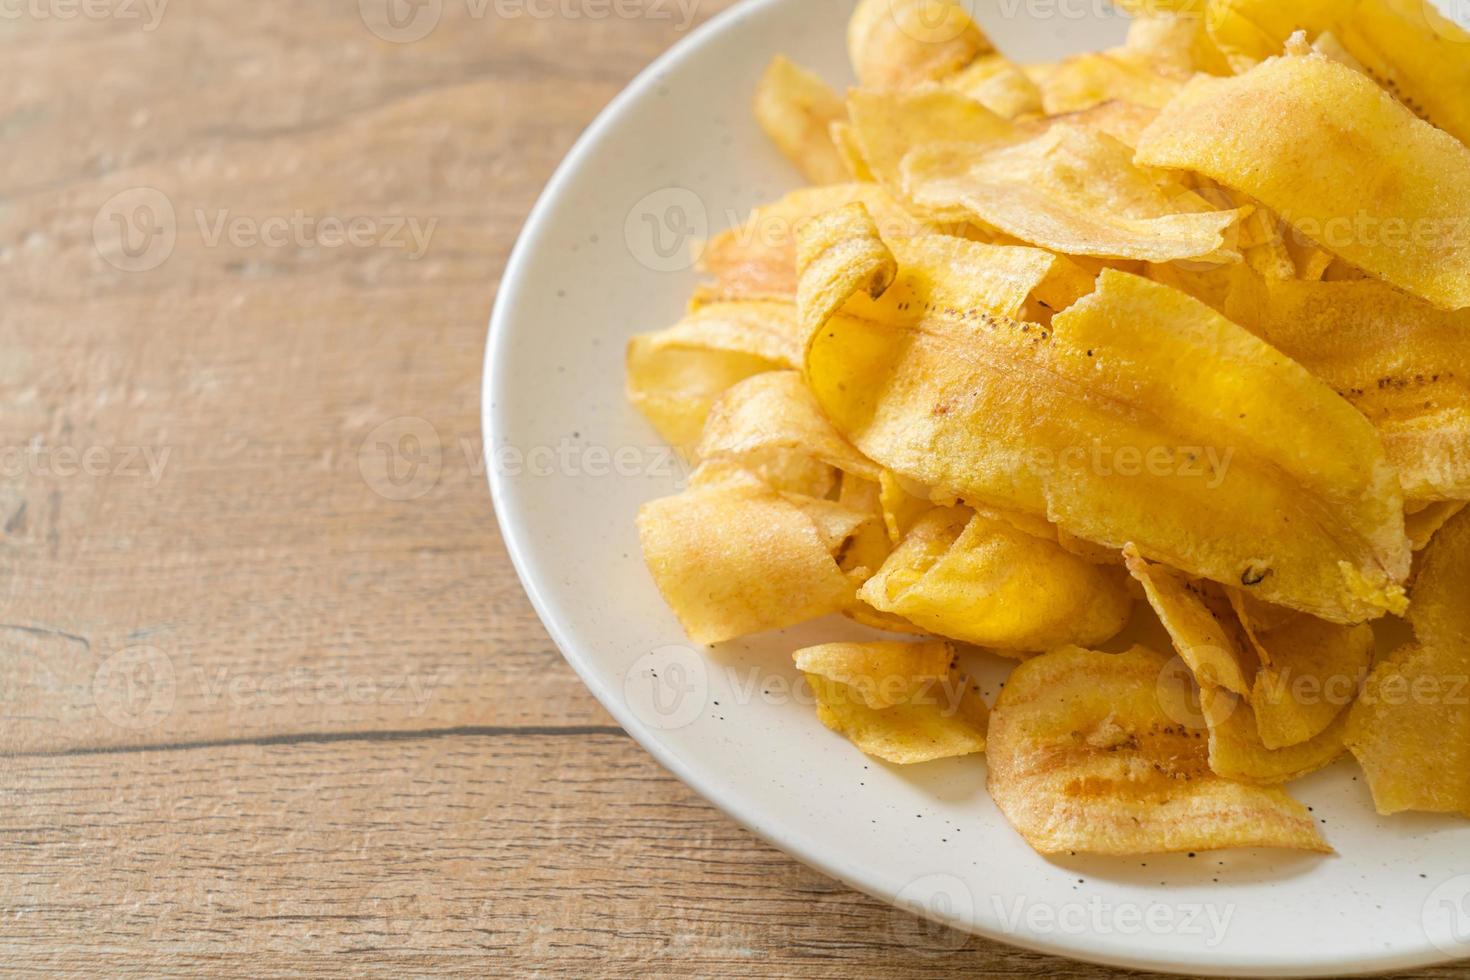 chips de plátano - plátano en rodajas frito o al horno foto
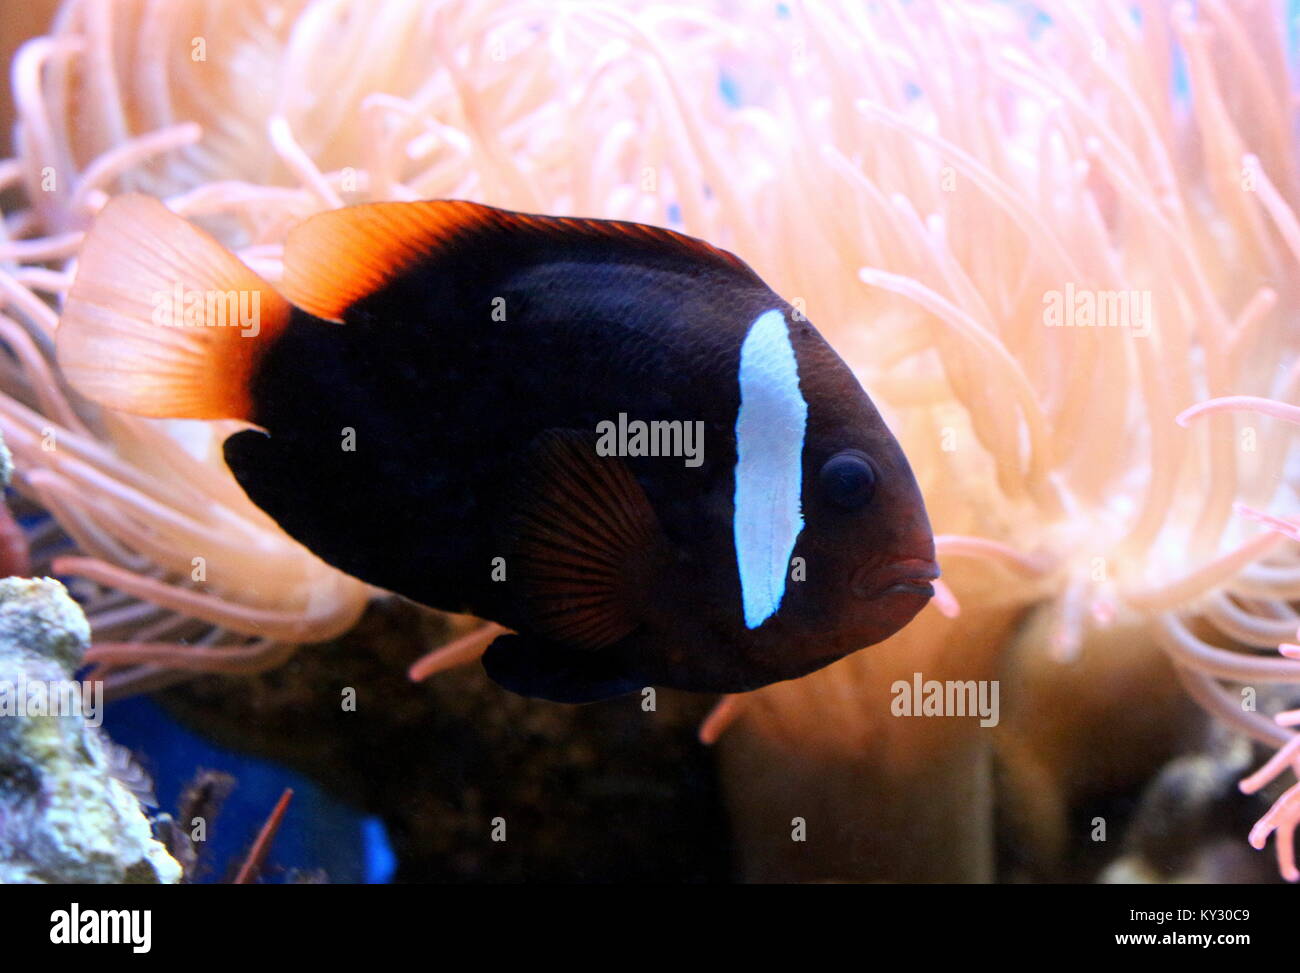 Pacific canela o fuego pez payaso (Amphiprion melanopus), también conocido como el rojo y el negro anemonefish. Foto de stock
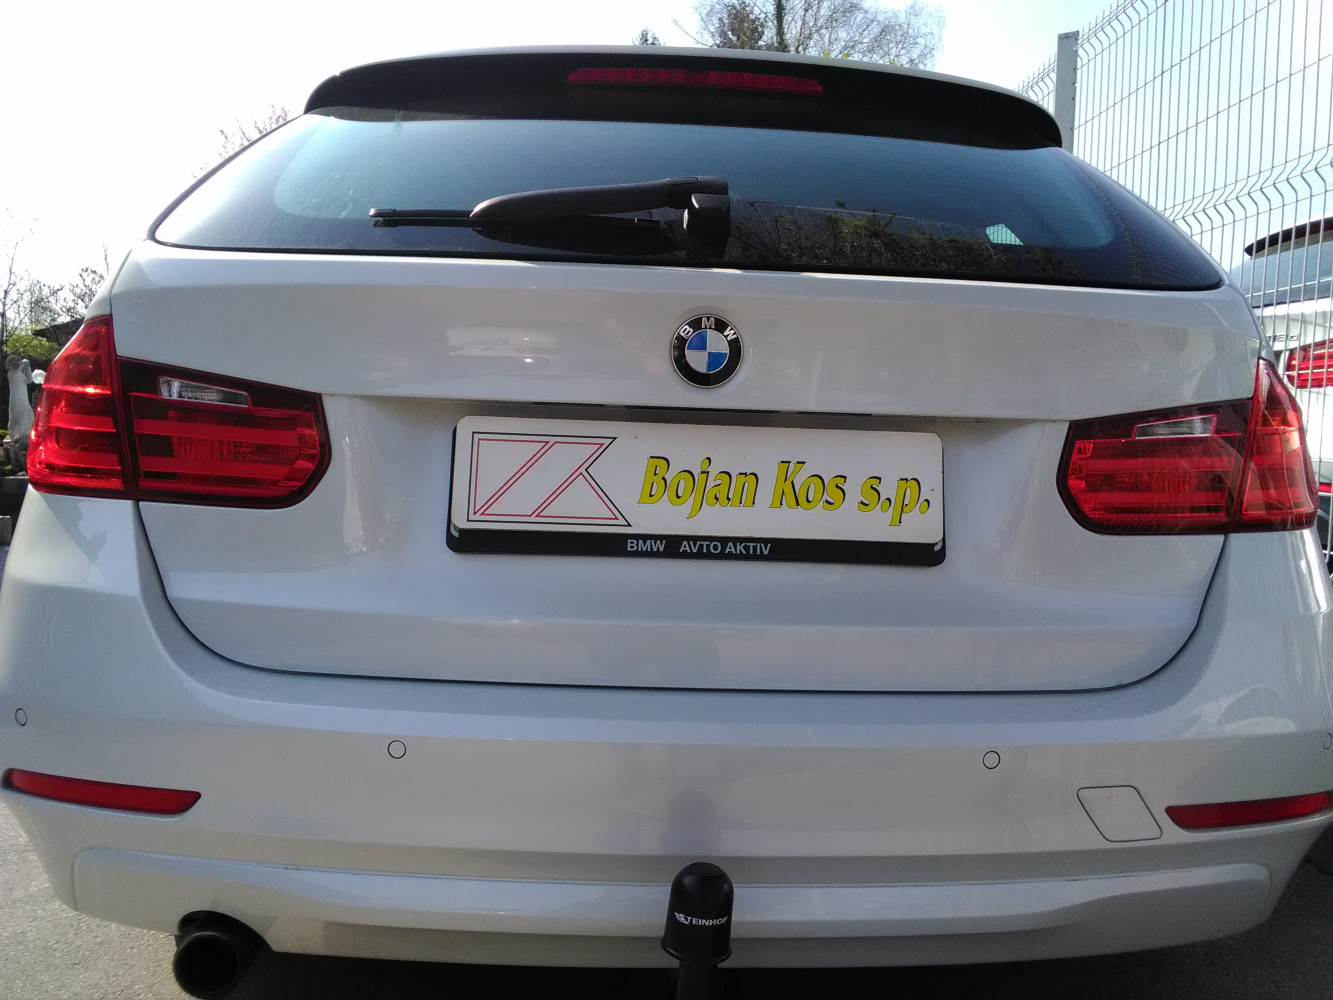 
BMW-3 kar. l.12-,skrita-Steinhof
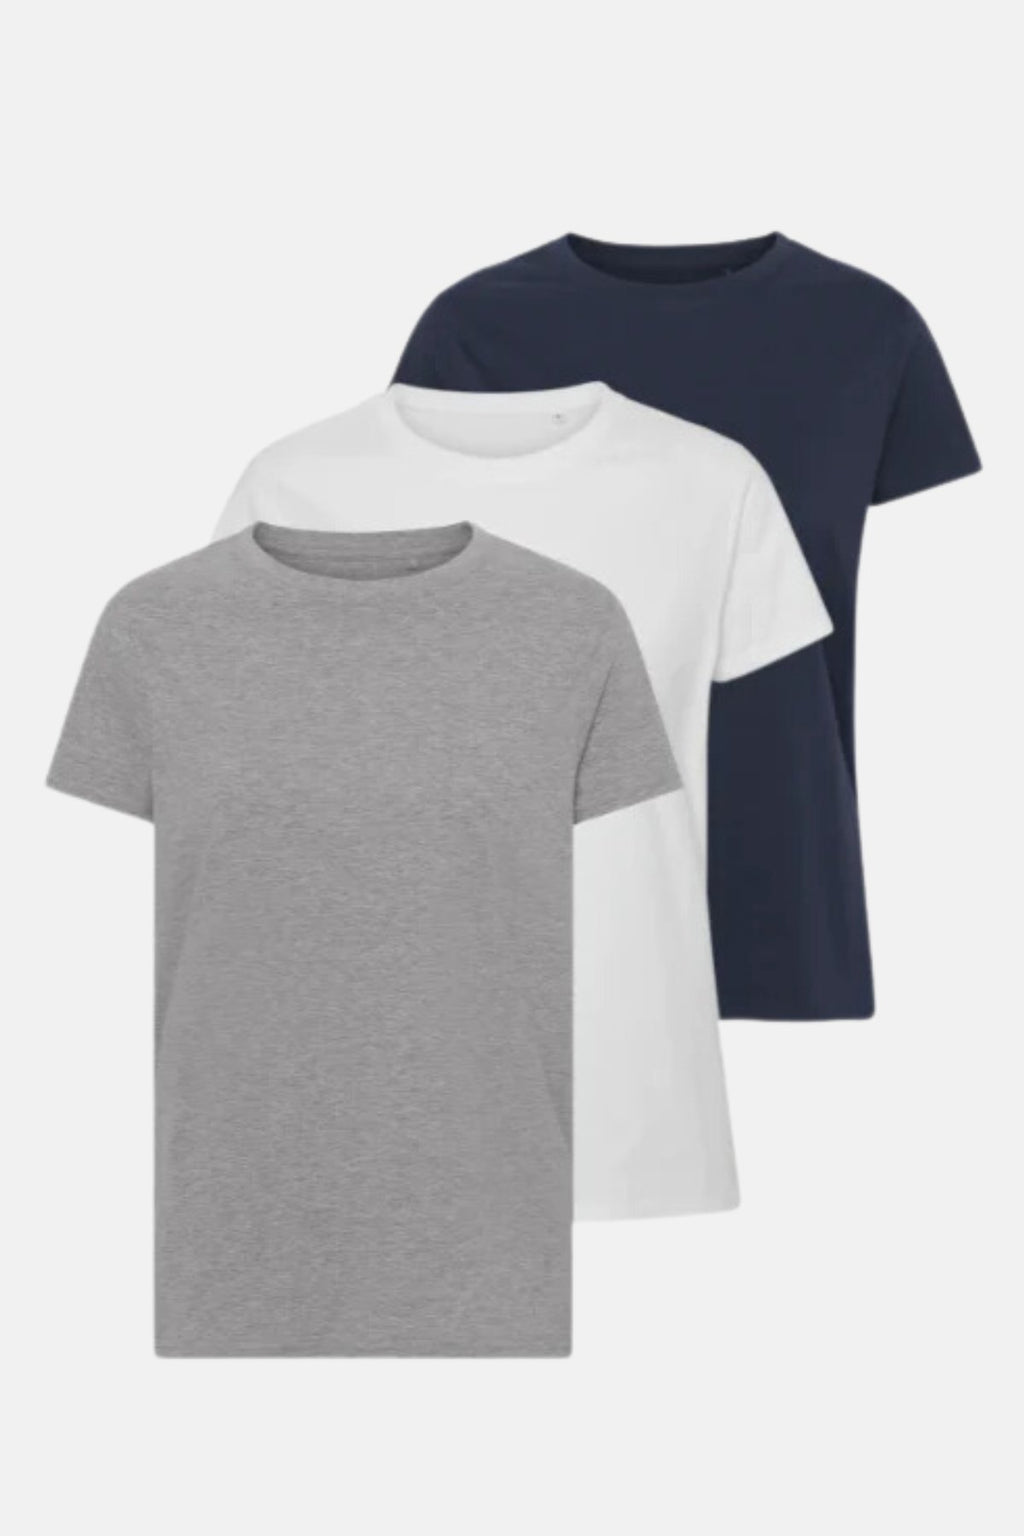 Basic T -Shirt - Paketgeschäft (3 PCs.)
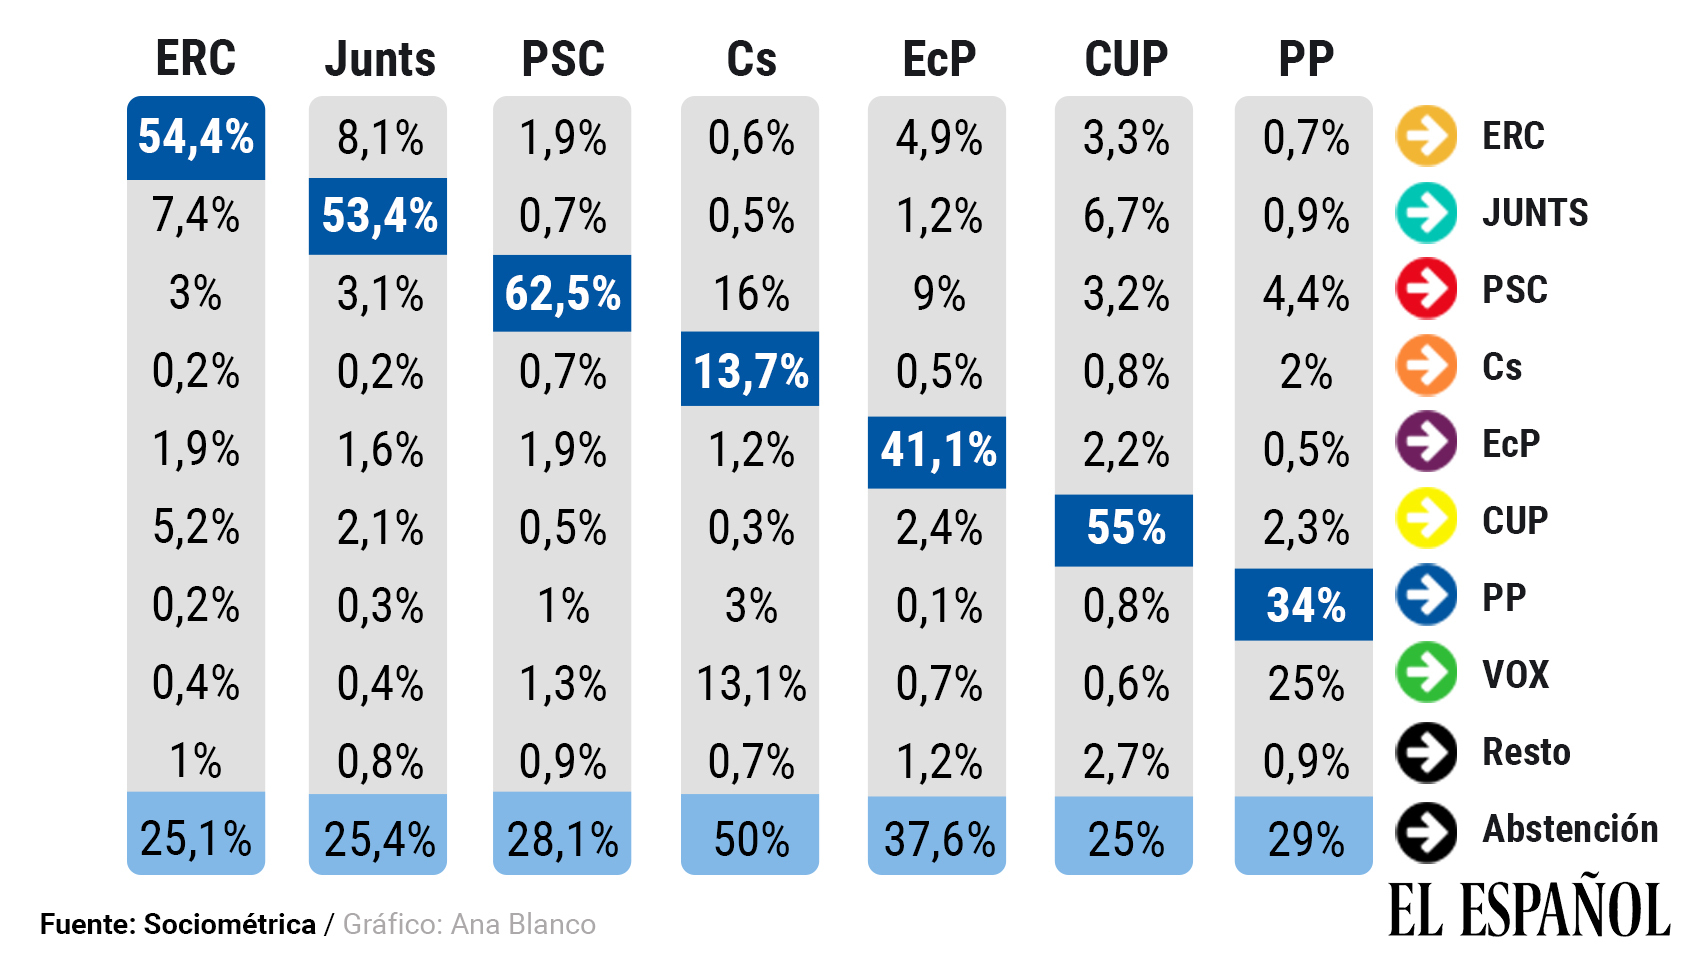 Matriz de transferencia en porcentaje de votos.
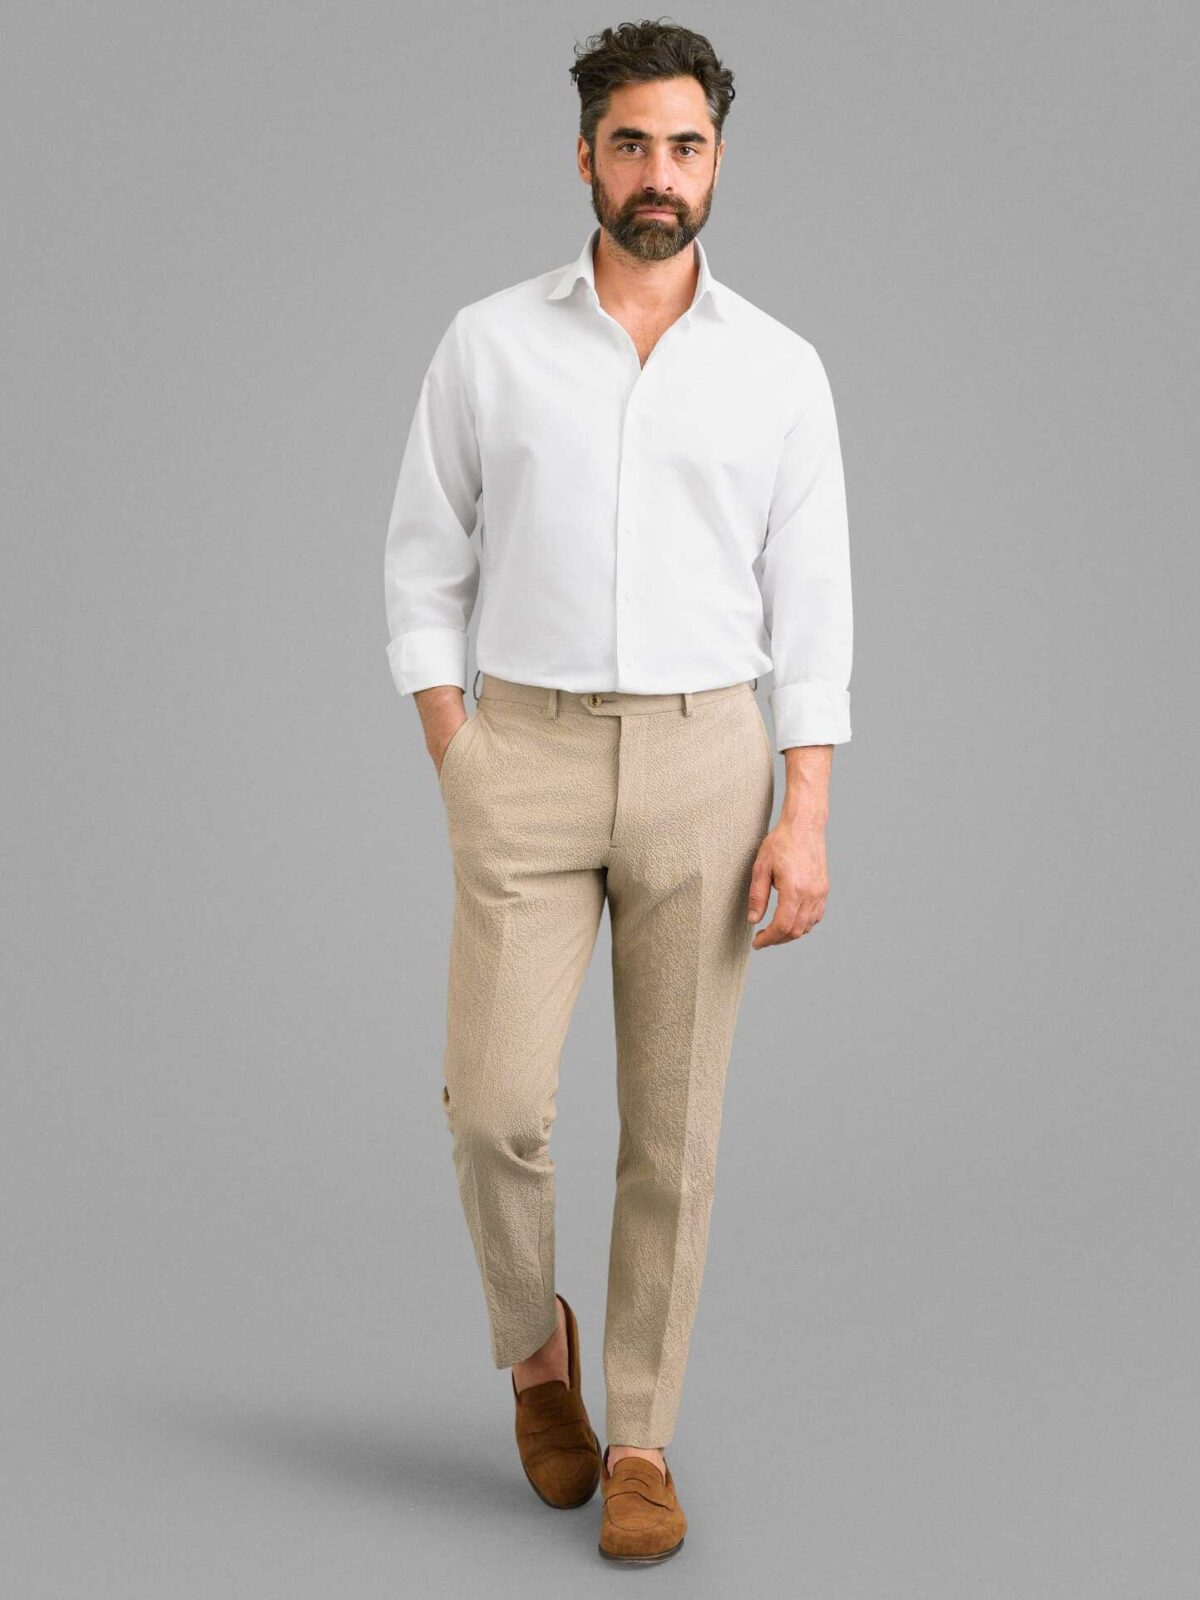 Cotton Linen Blend Retro Elegant Men's Outfits Casual Short - Temu
--*--
What the task asks
Leave out the images and copy all remaining data word for word.

Finished exercise
 chips de plátano - plátano en rodajas frito o al horno foto
 Pacific canela o fuego pez payaso (Amphiprion melanopus), también conocido como el rojo y el negro anemonefish. Foto de stock
BMW-3 kar. l.12-,skrita-Steinhof
 Basic T -Shirt - Paketgeschäft (3 PCs.)
 Matriz de transferencia en porcentaje de votos.
 Cotton Linen Blend Retro Elegant Men's Outfits Casual Short - Temu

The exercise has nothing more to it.